# Reciprocity/Comity in Different States



## mech engineer

Hello!

I live in NY/NJ/CT area (Tri-State area), and it is quite nice to be registered in all the three states. So, after I got my PE license in NY, I also applied in CT and now try to go for NJ. I would like to know about experiences of other people who went for reciprocity/comity.

My personal experience is:

1. The paperwork is huge and BORING :suicide1: :hung-037:

2. The rules across the river may be so different, as if you apply for a license in Burundi :dunno:

3. You have to wait :mail-296:

4. Be ready to shell out all those fees :bawling:

5. People from the state boards may be rude :whipping:


----------



## RIP - VTEnviro

My best piece of advice: Establish a NCEES Record first.
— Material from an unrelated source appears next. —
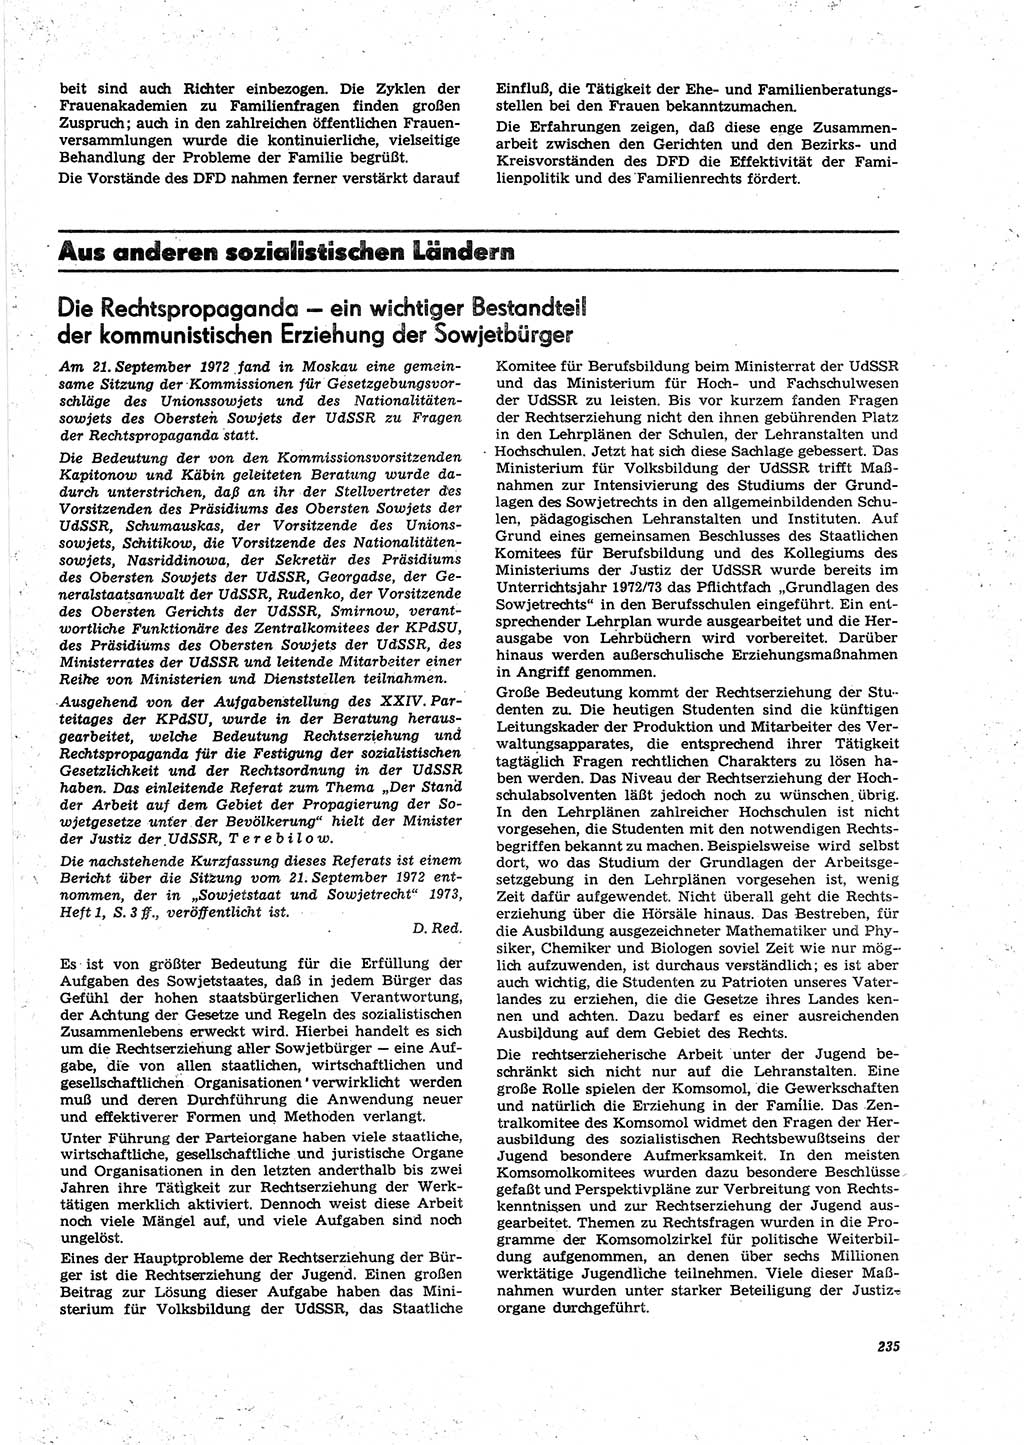 Neue Justiz (NJ), Zeitschrift für Recht und Rechtswissenschaft [Deutsche Demokratische Republik (DDR)], 27. Jahrgang 1973, Seite 235 (NJ DDR 1973, S. 235)

It makes life a lot easier.

I'm licensed in VT/NH/MA and pending in NY.

VT is where I tested, then immediately after passing turned around and got licensed in NH as we do work there too. We have an office in Mass. so they wanted me to get a license there too. They require a Record for comity applications so I established one. MA's application packet is ridiculous - I submitted something like 120 sheets of paper, and they use a 3rd party credential service for all their licenses so it adds time and a middle man to the equation. Overall they were fairly efficient and helpful however.

NY is a disaster. I submitted my application with NCEES Record in March and they are still dicking me around. I won't go into detail as you've already dealt with them.


----------



## ClemsonEngr

What do you have to do to start a record with NCEES? Do you need to do anything before taking the exam?


----------



## RIP - VTEnviro

Check out their website for more info. You don't need to do anything before the exam, but you do need to be a PE already.


----------



## LXZ

To get licensed in CA, one has to take two extra exams: seismic and survey.


----------



## ClemsonEngr

Thanks.


----------



## civilsid

I'm ready to pull my hair out. What is left of it, anyways.

I passed the exam in CA in April. Got my results in July, I think. Filed in Arizona in September. Still waiting for my license.

I offer the following observations:

1. There is no such thing as "reciprocity". Reciprocity is "a mutual or cooperative interchange of favors or privileges, especially the exchange of rights or privileges of trade between nations." For example, I have an AZ driver's license. If I drive to another state, it is good over there also. I don't have to apply for a DL for every state I want to drive in. That is reciprocity.

2. In AZ, there are three requirements for licensure. a) pass the PE exam B) 8 years of experience / education and c) good moral character. There are some exceptions to these rules but that is basically it. You have to fill out the application. You have to get your references to sign a second time. You have to submit every college transcript again. Basically, starting from scratch. Passing the exam is just one tiny part of the application.

3. Some states (such as New Mexico) mandate that you get a record established through NCEES. There is no other way. I have a subdivision project in Roswell but need to go through NCEES to even have the possibility of getting licensed there.

Also, to add insult to injury, I got a call last week from the AZ technical registration board saying that I needed to show evidence of an additional 29.5 months of expeerience. This is actually impossibly stupid because I needed to prove 6 years of experience simply to apply to take the exam in CA and that was more than a year ago. So how could I be lacking more than 2 years of experience?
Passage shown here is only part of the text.